__What needs to be done__
The copy you print must match the listing exactly, with its pictures removed.

__Supplied information__
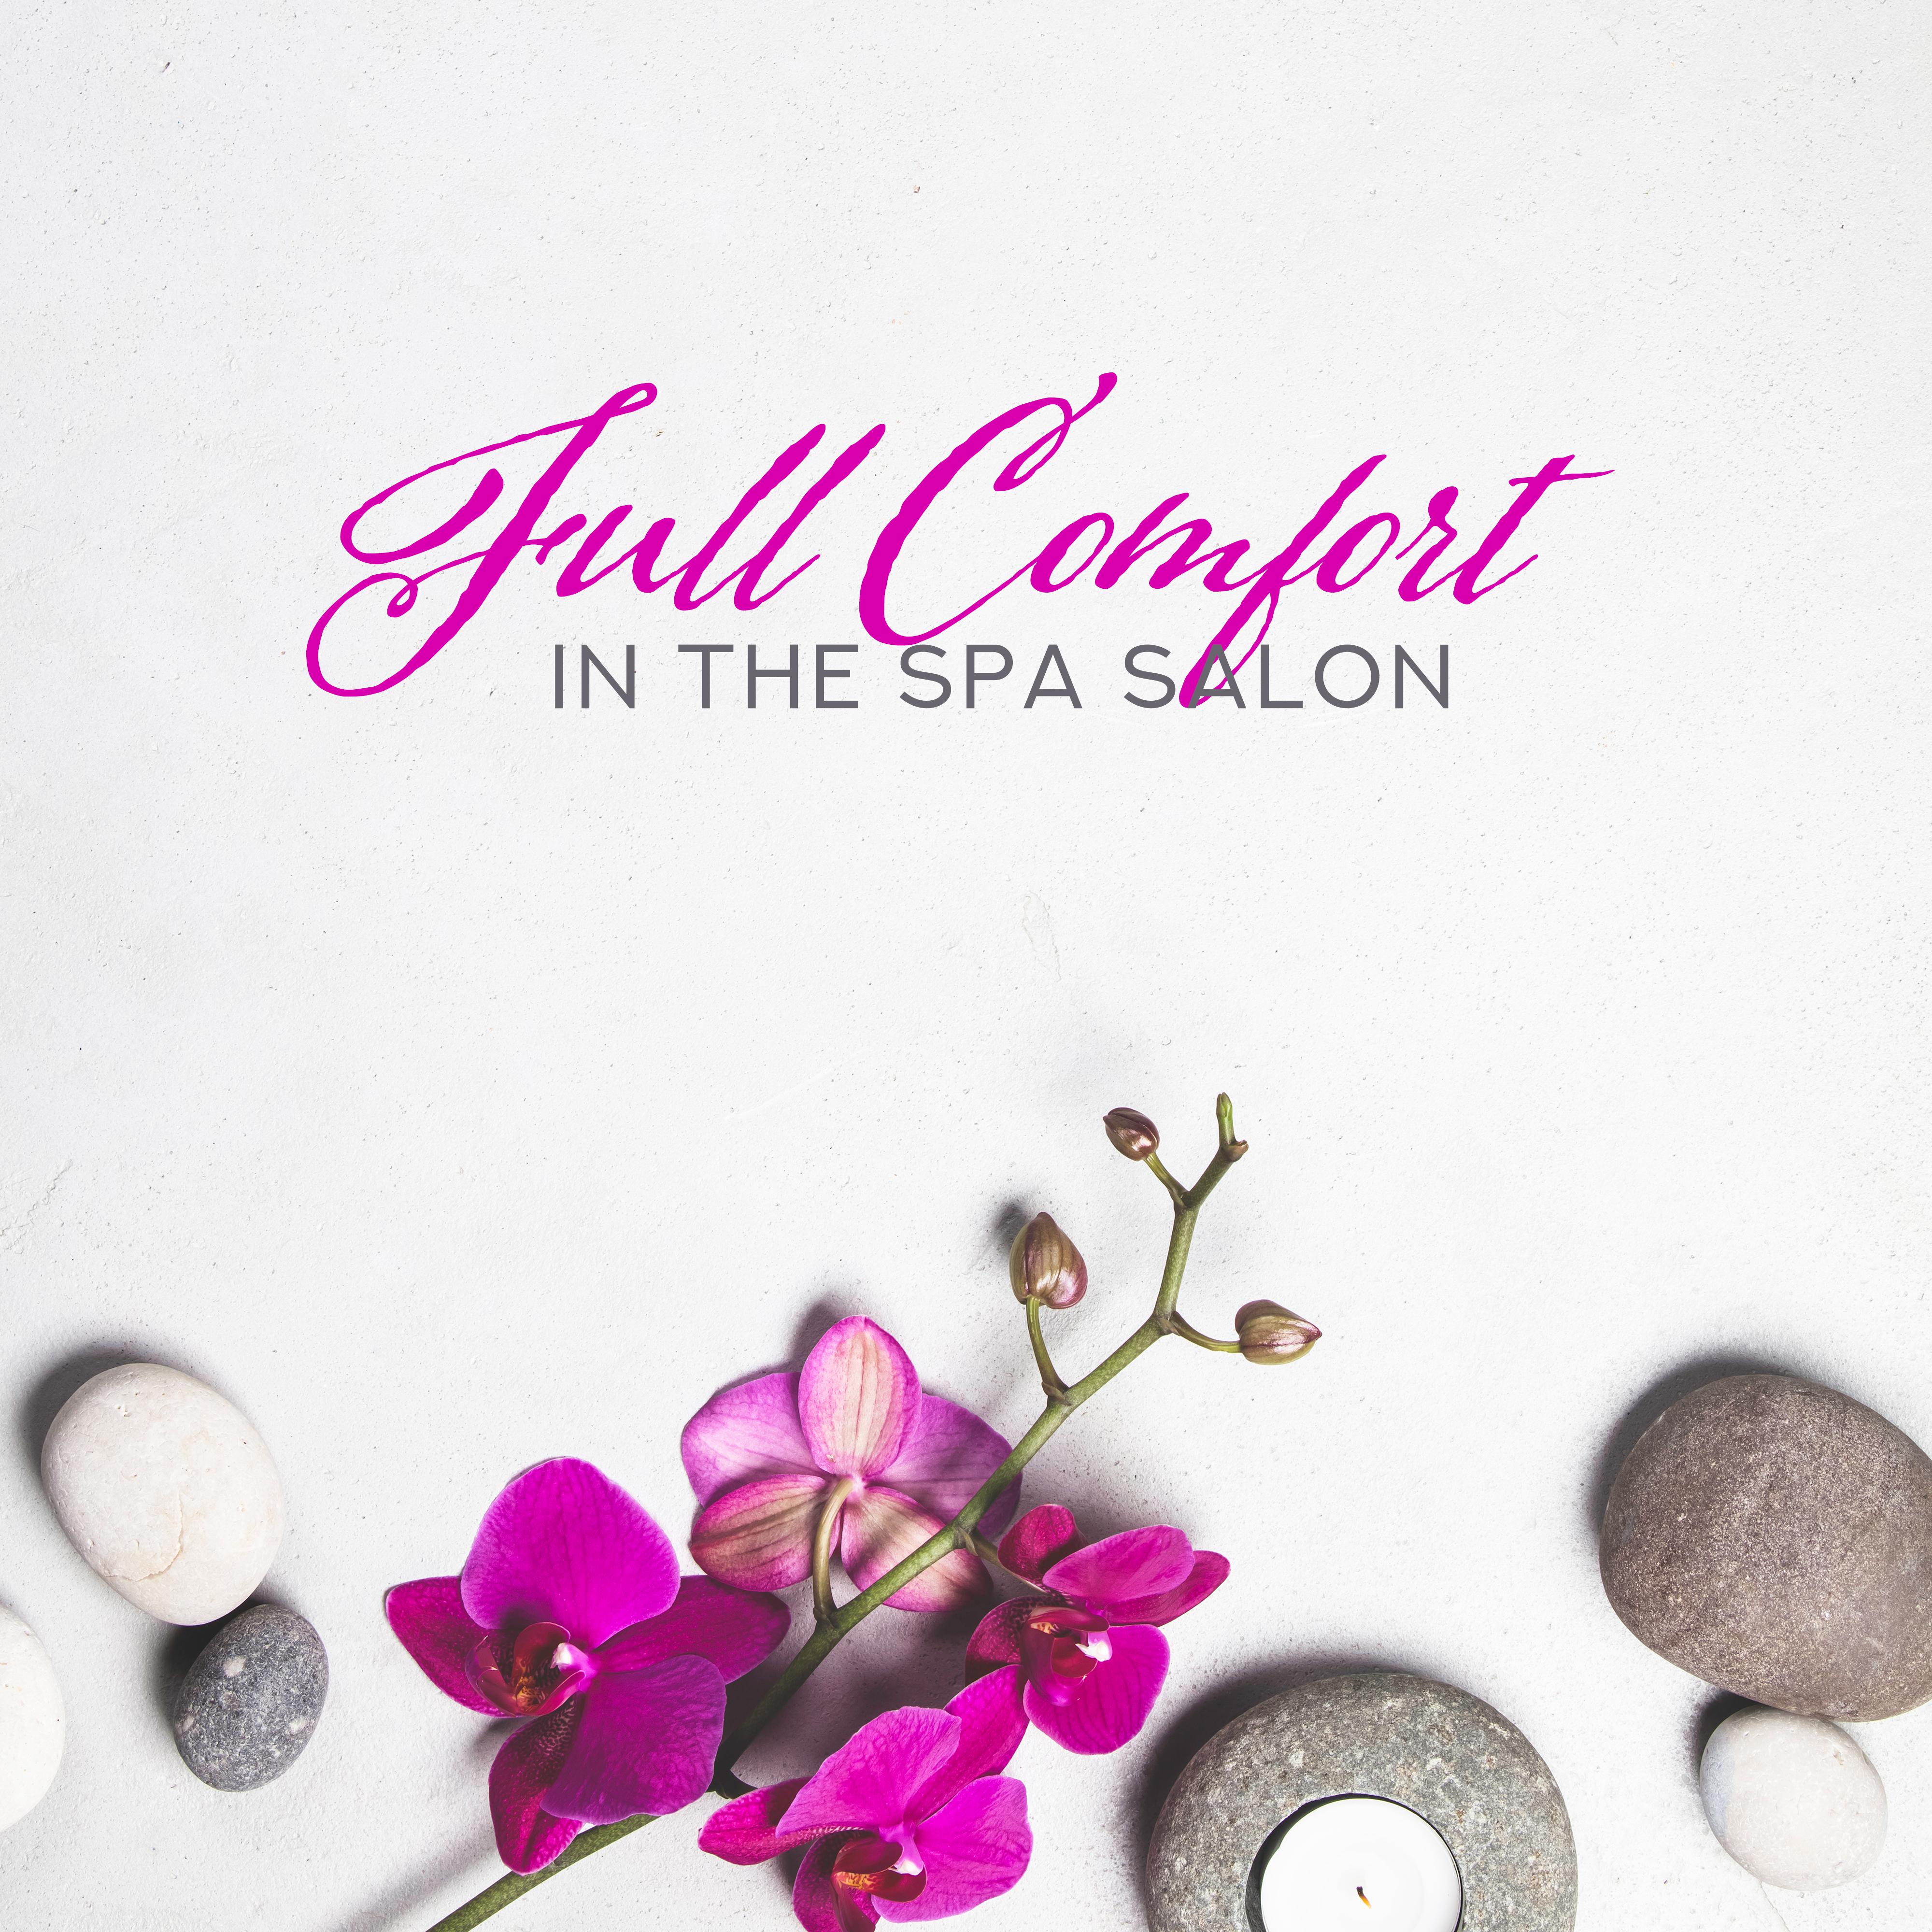 Full Comfort in the Spa Salon: Compilation of Most Relaxing Nature New Age Music for Spa & Wellness, Massage Session, Sauna, Bath, Aromatherapy
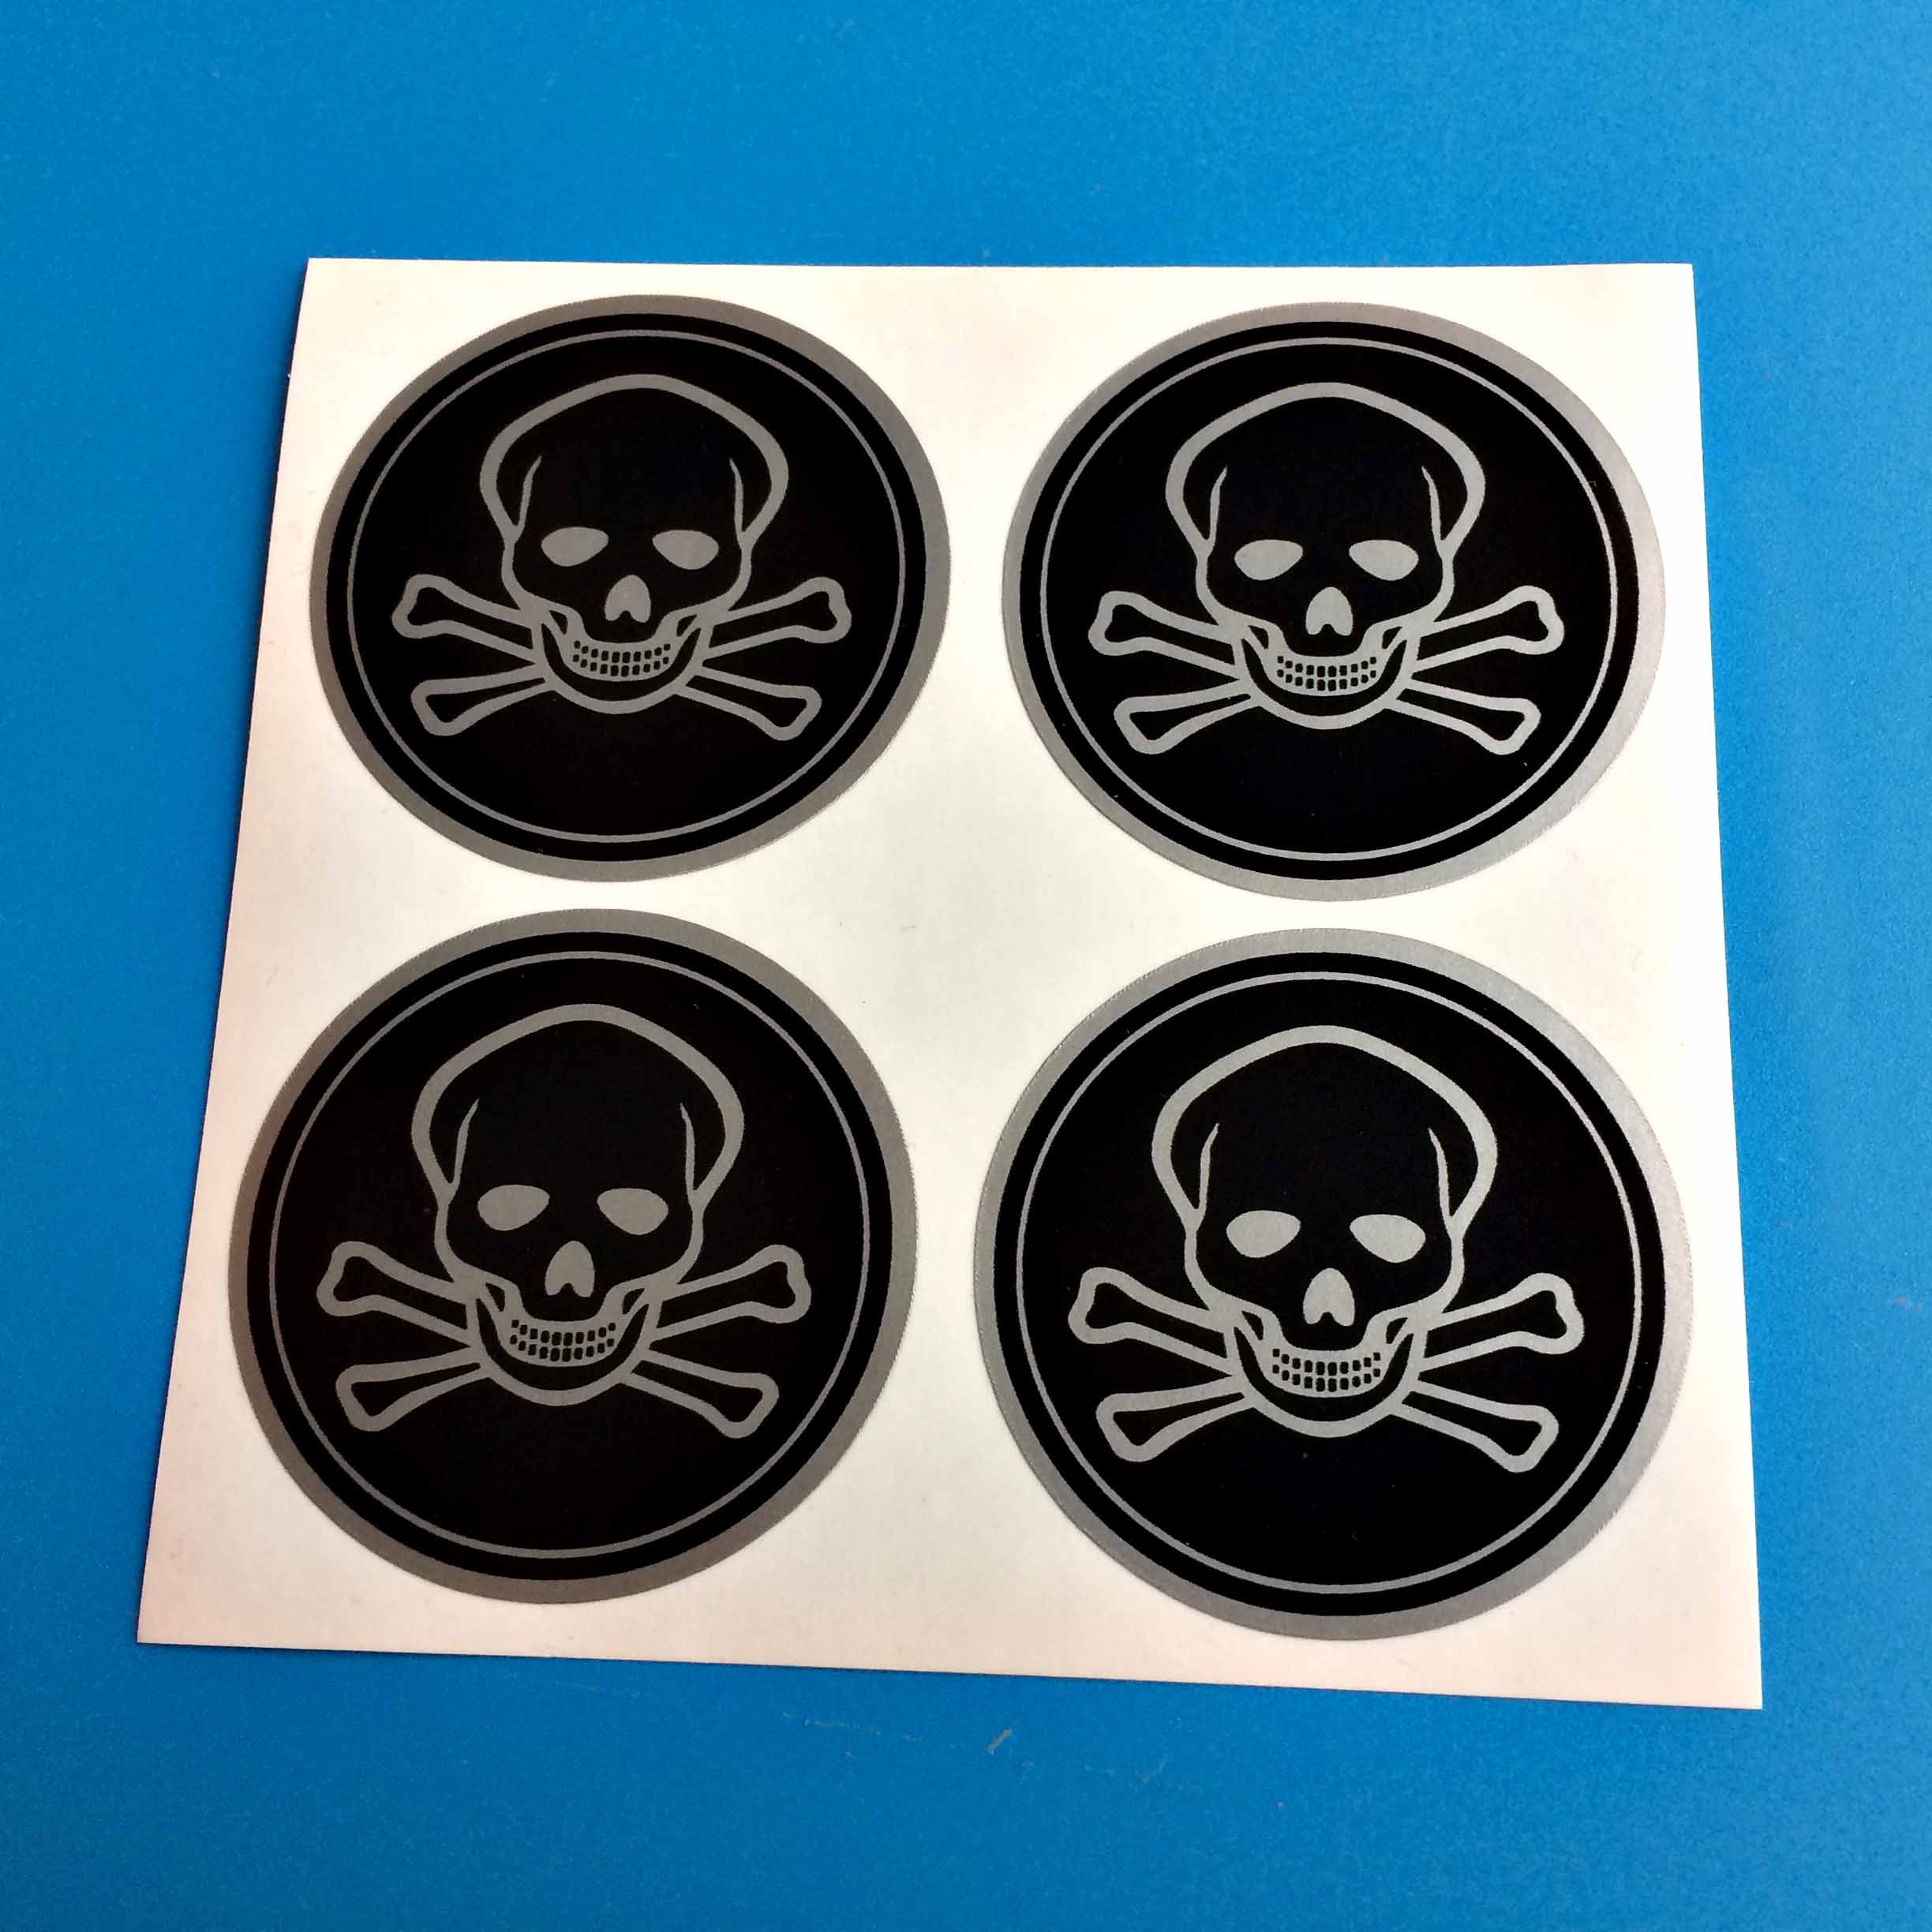 JOLLY ROGER PIRATES SKULL AND CROSSBONES STICKERS. The contour of a skull and crossbones in silver on a black background. A circular sticker with a silver border.
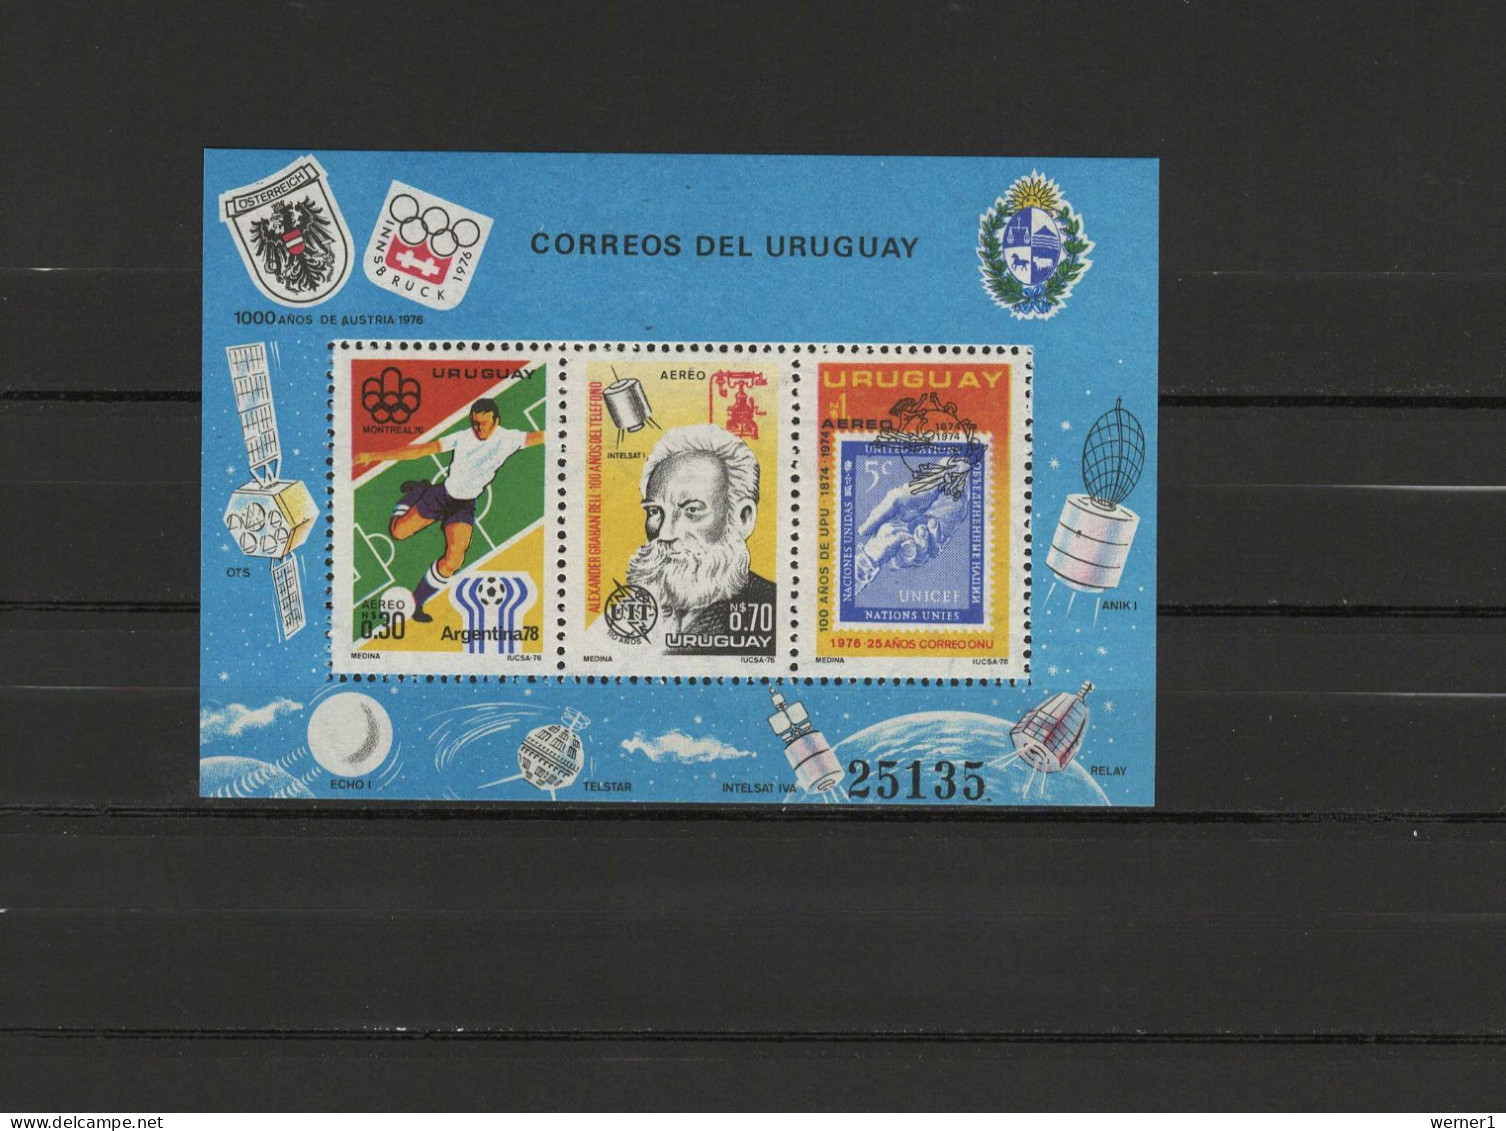 Uruguay 1976 Olympic Games Montreal / Innsbruck, Football Soccer World Cup, Space S/s MNH -scarce- - Sommer 1976: Montreal

__Response__
 Full Comfort in the Spa Salon: Compilation of Most Relaxing Nature New Age Music for Spa & Wellness, Massage Session, Sauna, Bath, Aromatherapy
 JOLLY ROGER PIRATES SKULL AND CROSSBONES STICKERS. The contour of a skull and crossbones in silver on a black background. A circular sticker with a silver border.
 Uruguay 1976 Olympic Games Montreal / Innsbruck, Football Soccer World Cup, Space S/s MNH -scarce- - Sommer 1976: Montreal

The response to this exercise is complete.